Figure 1.

Graphical representation of single-trial EEG/fMRI analysis. After simultaneous EEG/fMRI data acquisition (A) the EEG data is preprocessed and corrected for fMRI artifacts (B) using independent component analysis (ICA). Subsequently the electrophysiological single-trial values can be extracted (C) using different approaches (D). Classically (D1), single-trial amplitude values are extracted from predefined ERP components. This is based on a chosen electrode site where the ERP component of interest (Nogo-N2 and Nogo-P3) is most pronounced in the grand mean average. Followed by the specification of N2 (280–340 ms, yellow) and P3 (350–570 ms, red) latency ranges which cover best the task-related ERP effects on group level at the selected electrode site (Cz). For each participant the mean single-trial values are extracted from these predefined latency ranges. Alternatively (D2), our approach allows to extract single-trial values from independent components (ICs) which are intra-individually classified and selected in an automated procedure.

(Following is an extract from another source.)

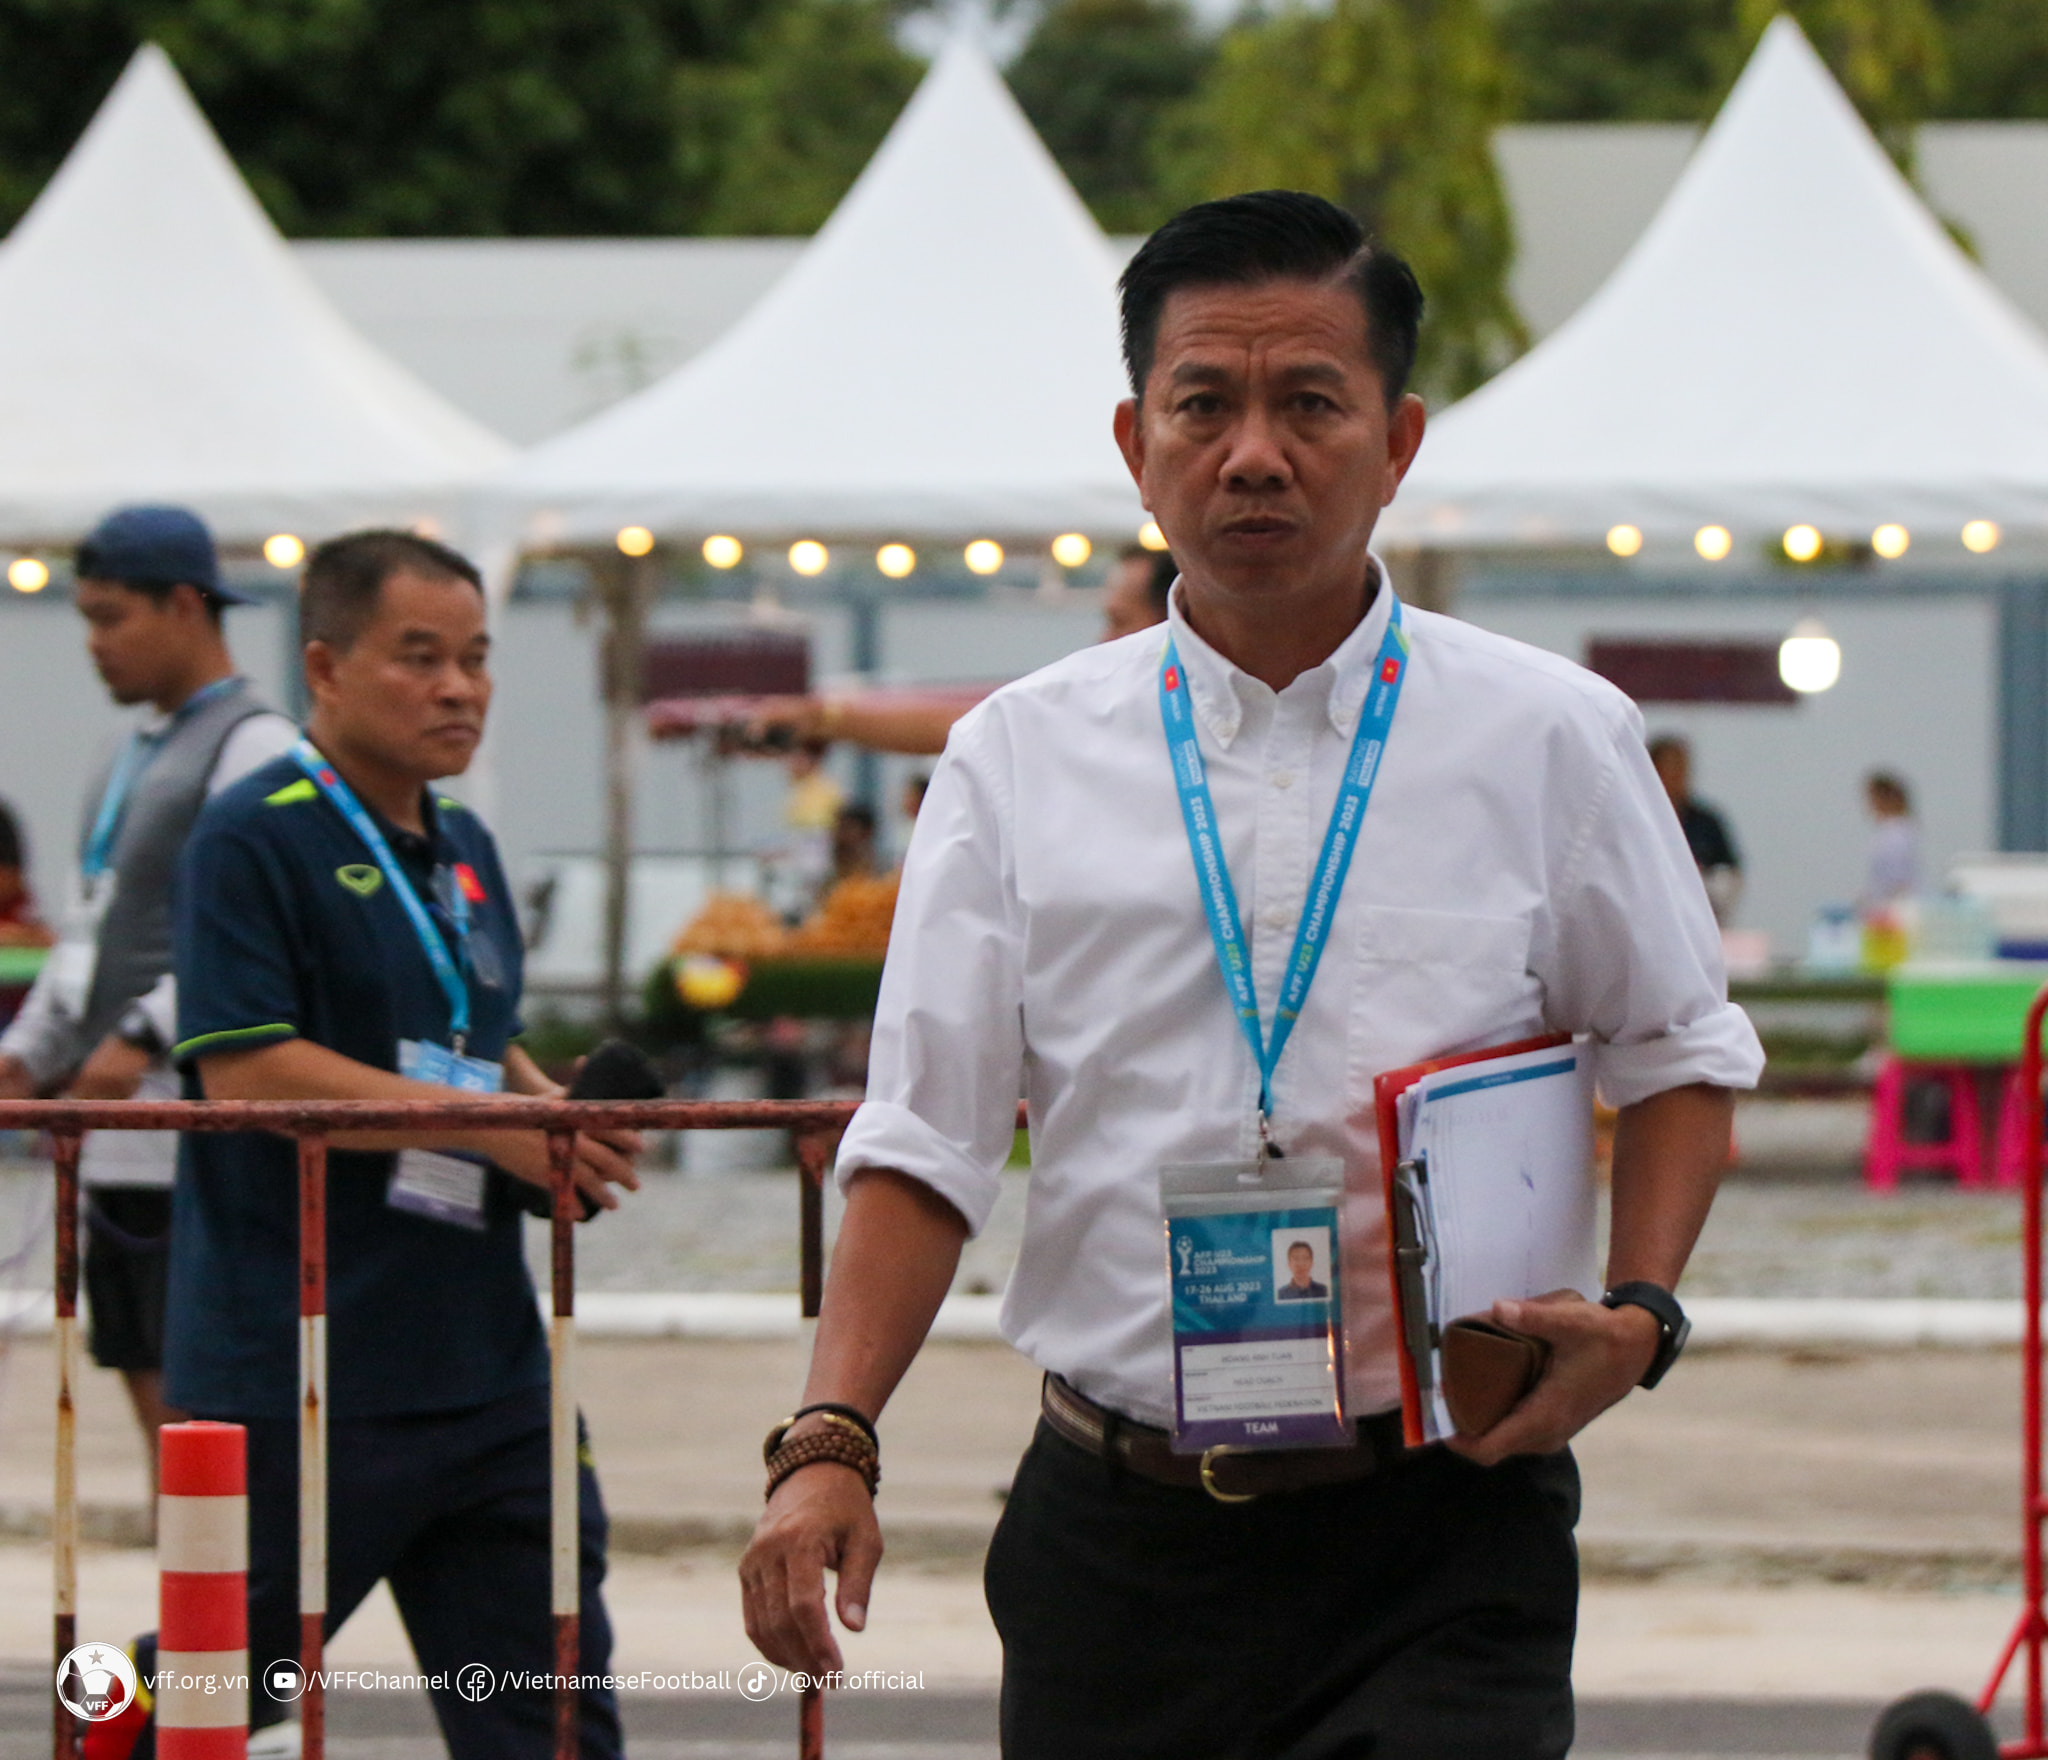 Tài cầm quân của HLV Hoàng Anh Tuấn giúp U23 Viêt Nam dễ dàng giành chiến thắng trước U23 Malaysia

This is based on a priori specification of latency ranges of interest, in this case located prior (early, yellow) and around (late, red) the individual’s median response time (RT). ICs are intra-individually classified according their association with the Nogo condition (significantly increased amplitudes in Nogo trials compared to Go trials). For each participant the mean single-trial values are extracted from latency ranges in which the respective IC was reliably larger during Nogo. In both approaches the resulting electrophysiological regressors are included in the general linear model of fMRI data analysis (E) in order to perform the single-trial EEG/fMRI data analysis (F).